___ SUPPLIED INFORMATION ___

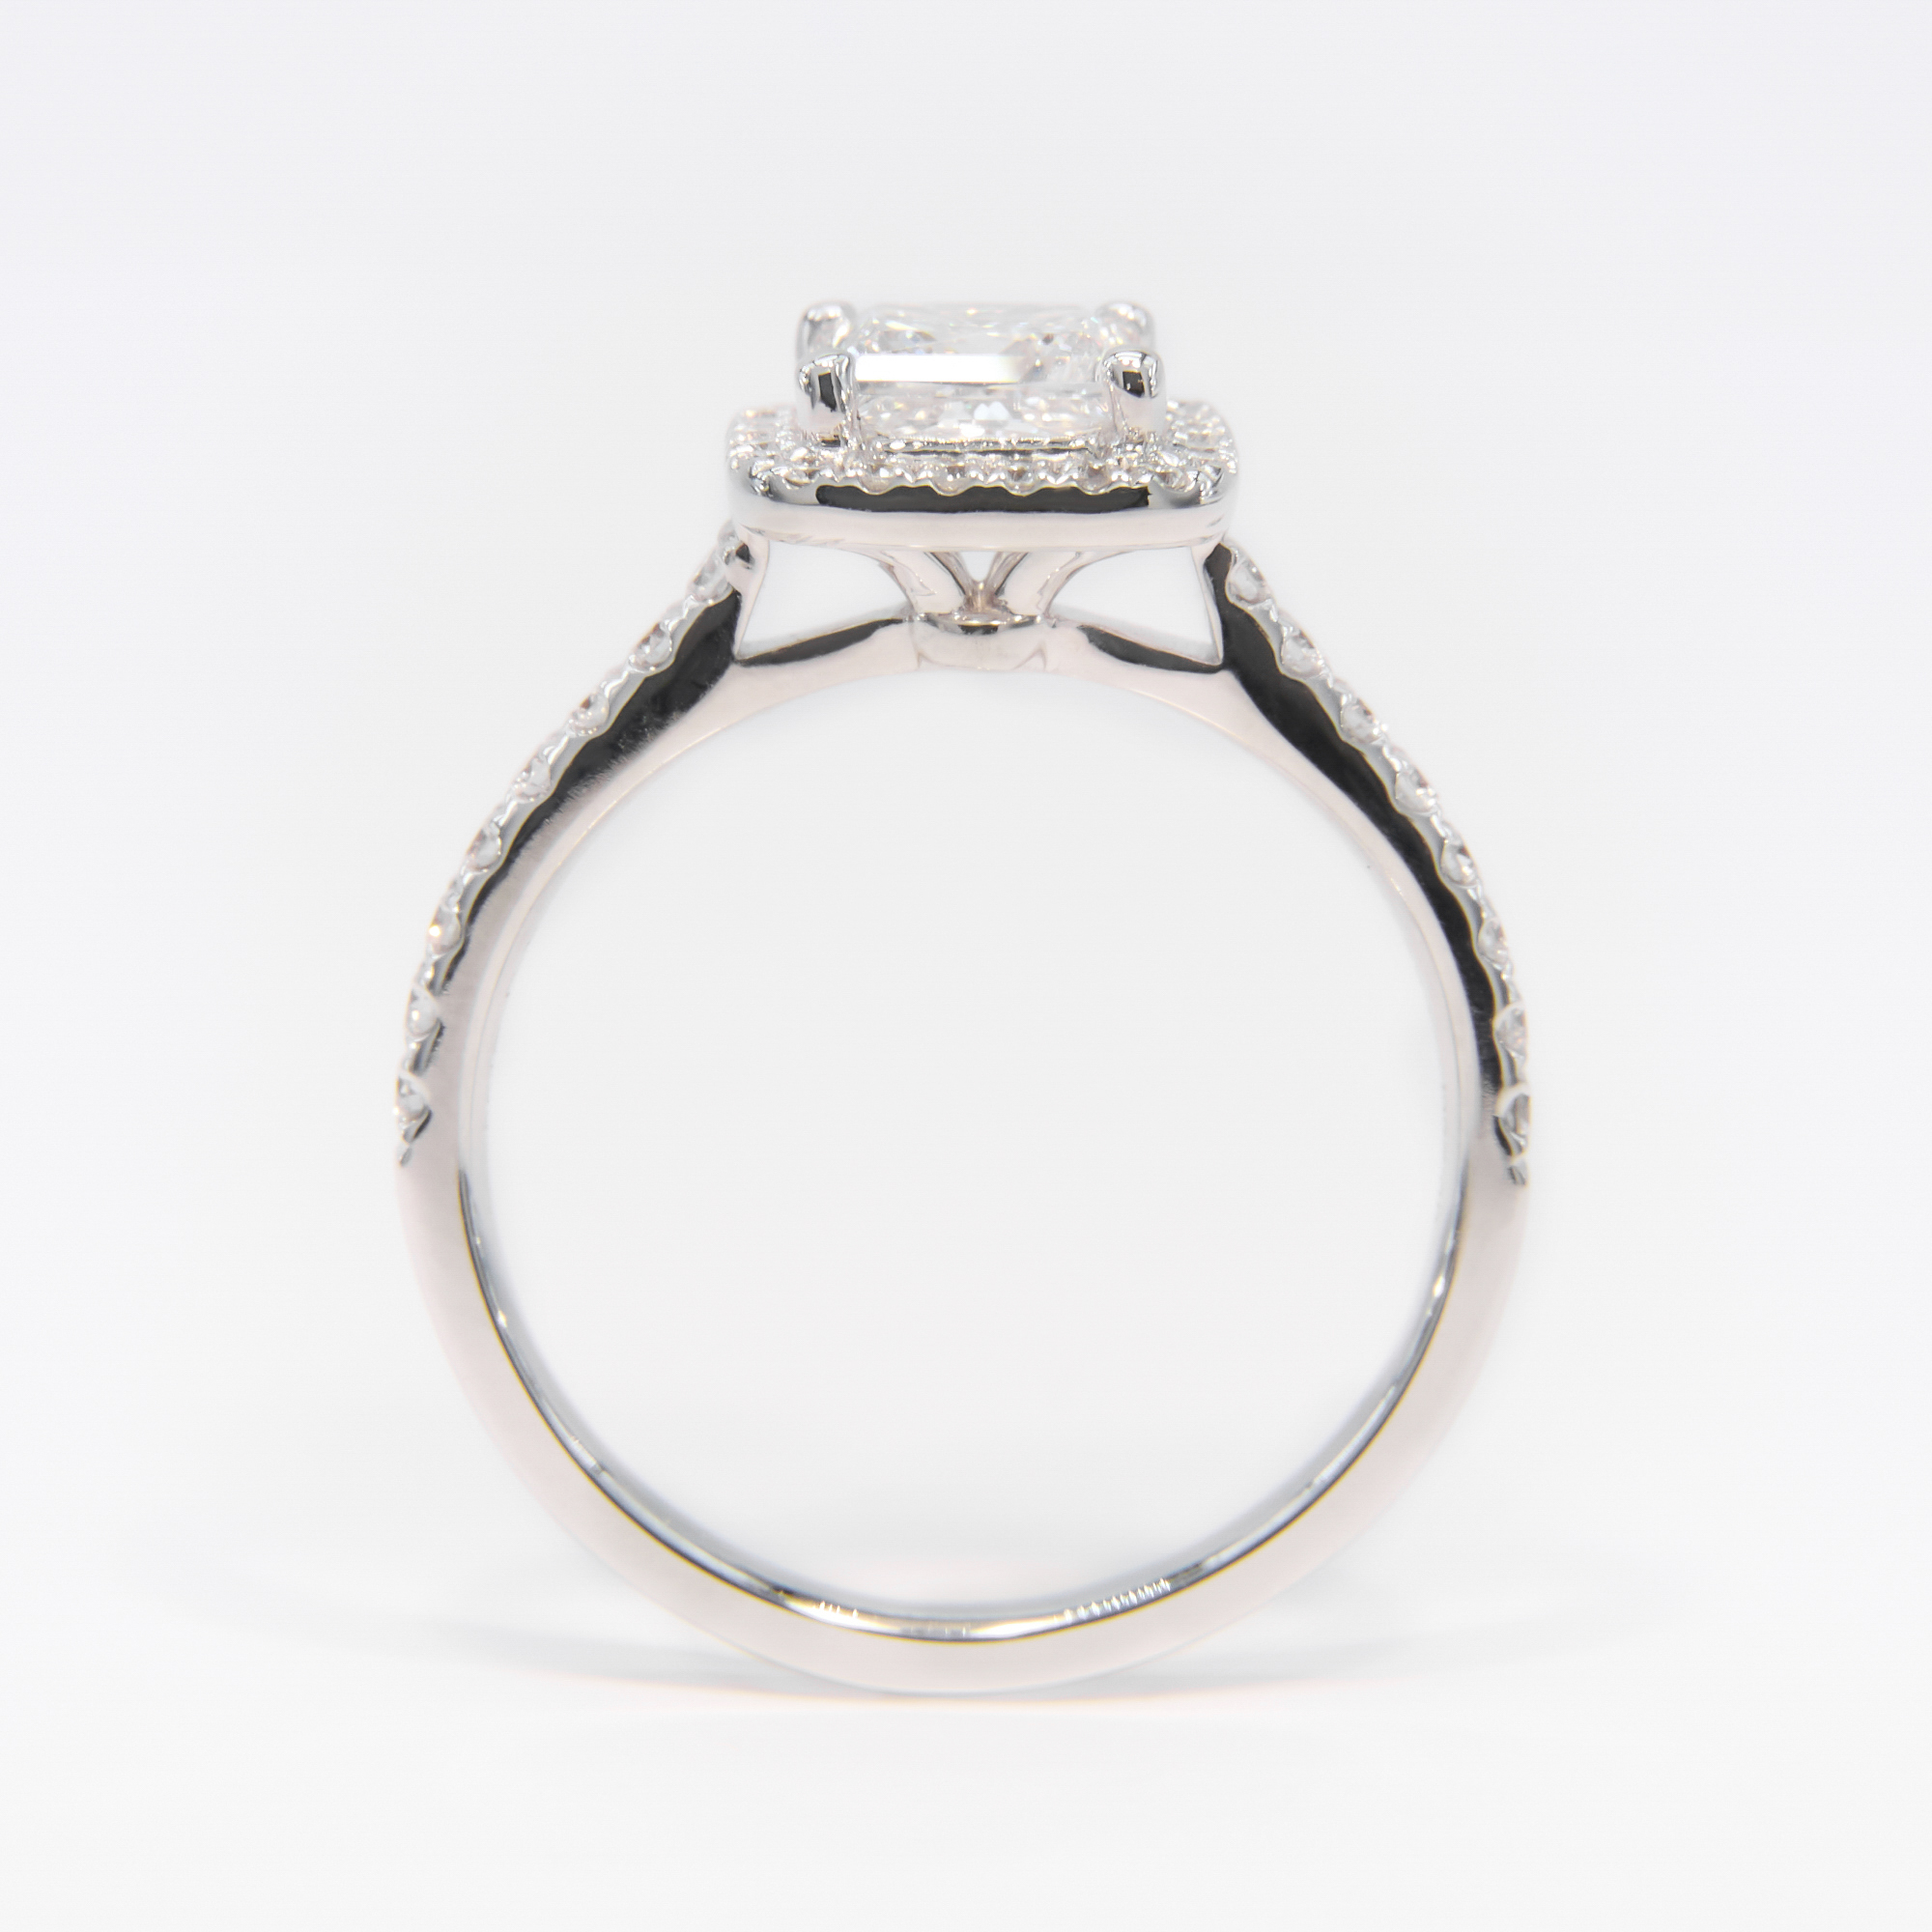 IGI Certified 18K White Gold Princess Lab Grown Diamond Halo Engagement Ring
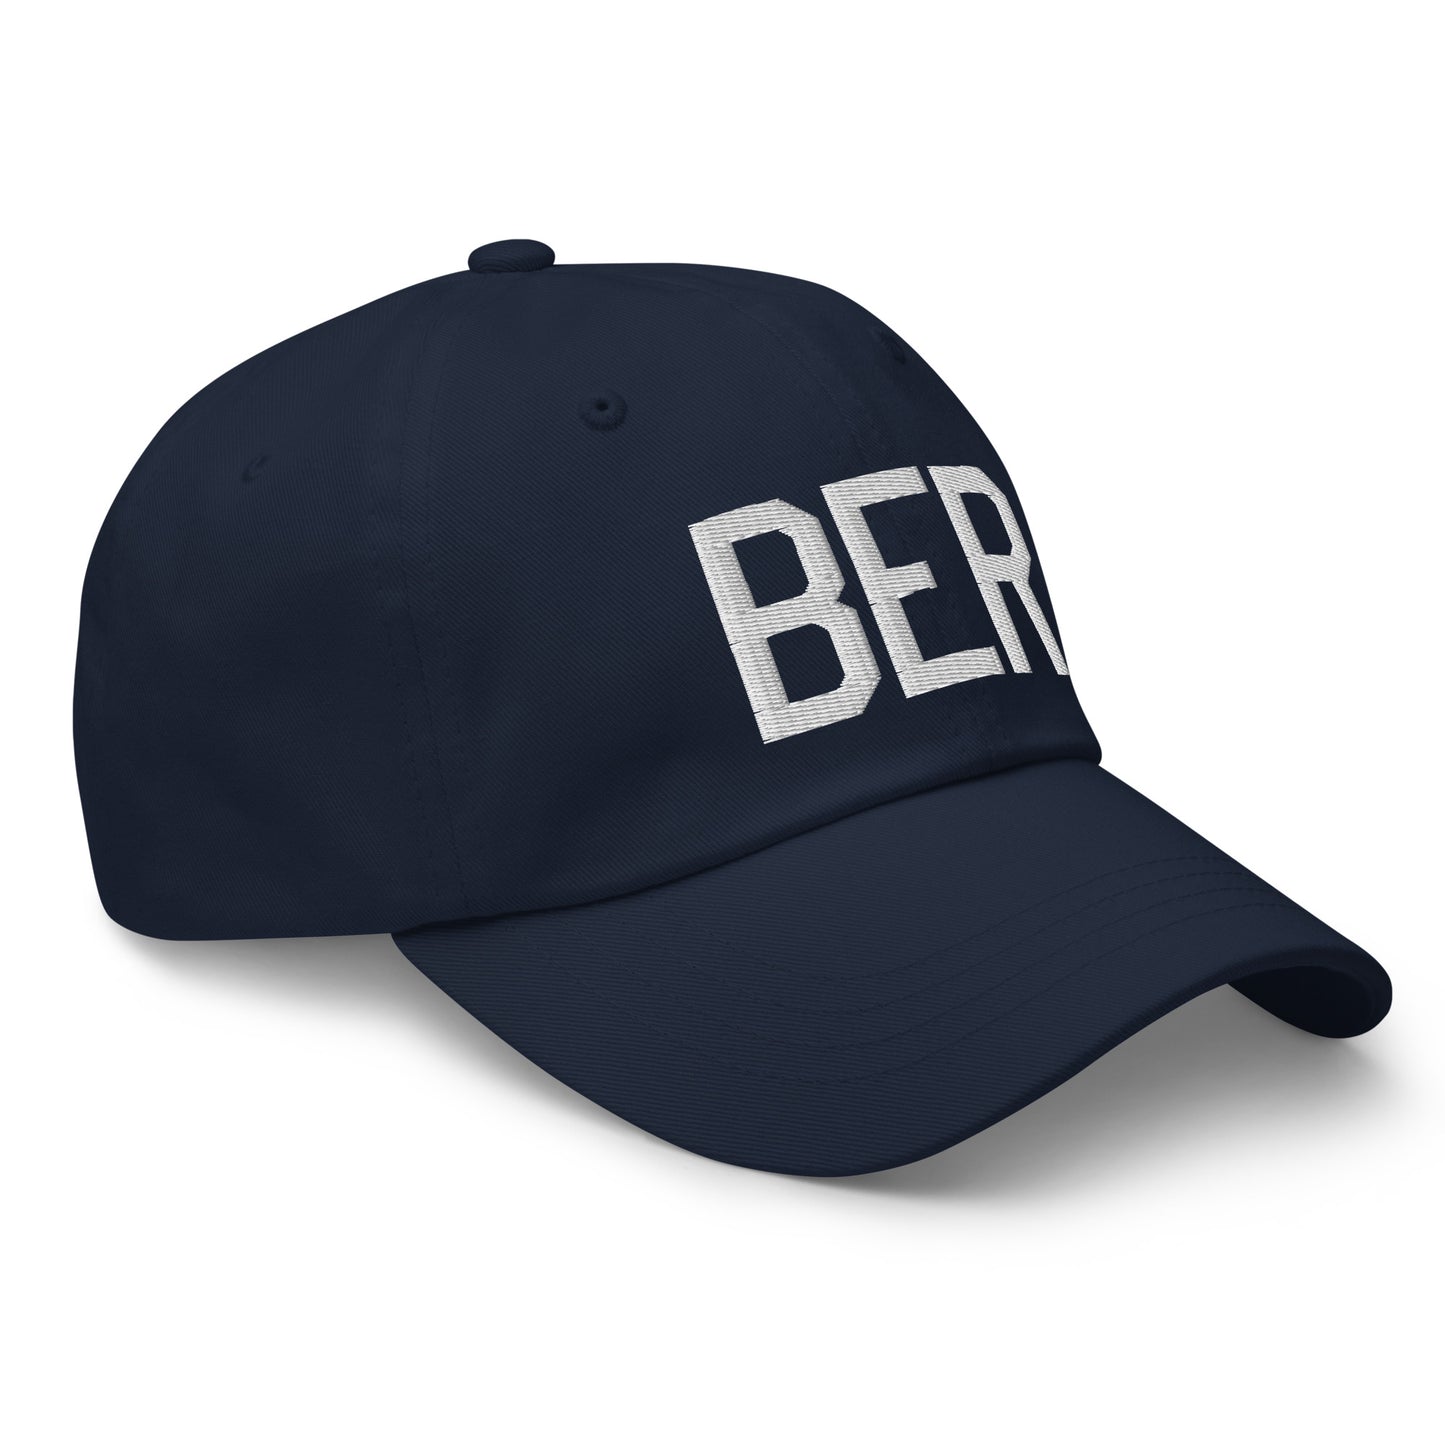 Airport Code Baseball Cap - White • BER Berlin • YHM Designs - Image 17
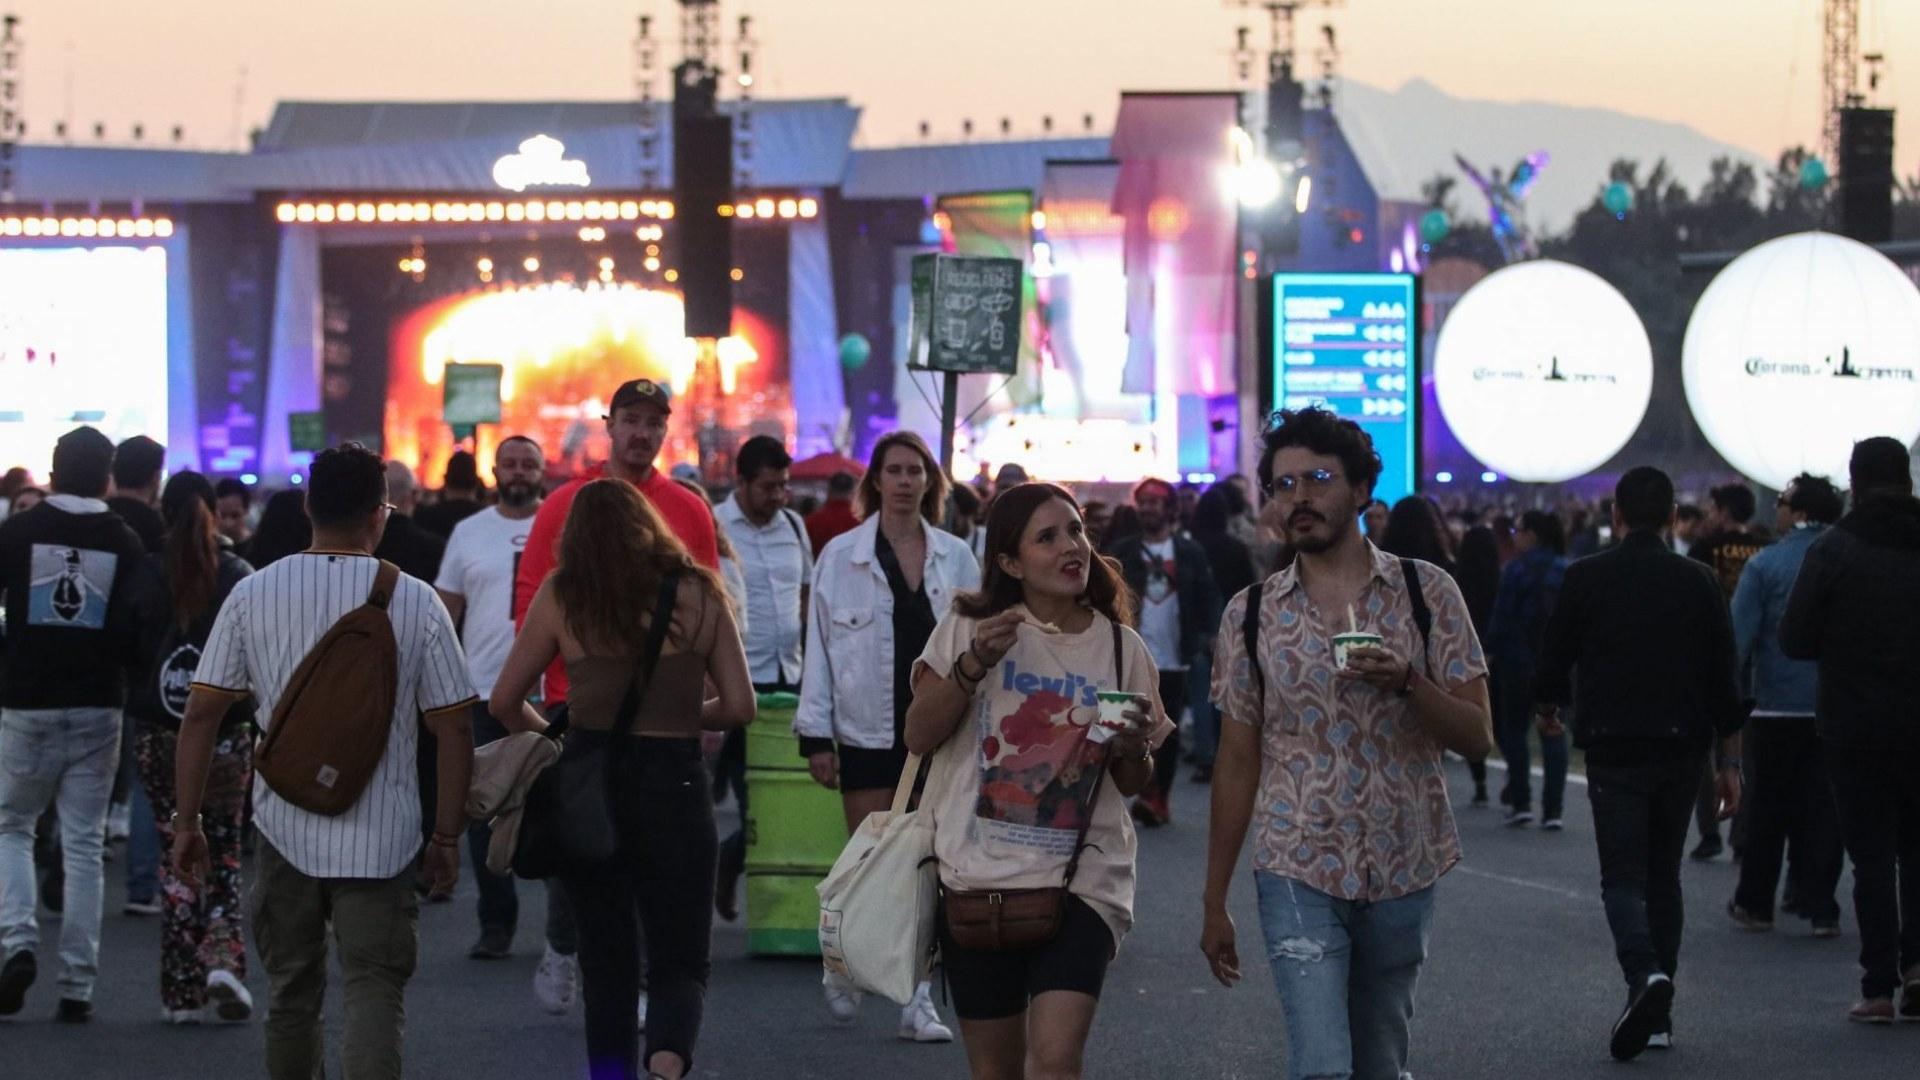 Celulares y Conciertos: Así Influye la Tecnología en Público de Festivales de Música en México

___

**REQUIREMENT**
When you find the line that contains "Airport Code Baseball", retype it and every line after it through the end of the data above, exactly, with no pictures.

**SOLUTION**
 Airport Code Baseball Cap - White • BER Berlin • YHM Designs - Image 17
 Celulares y Conciertos: Así Influye la Tecnología en Público de Festivales de Música en México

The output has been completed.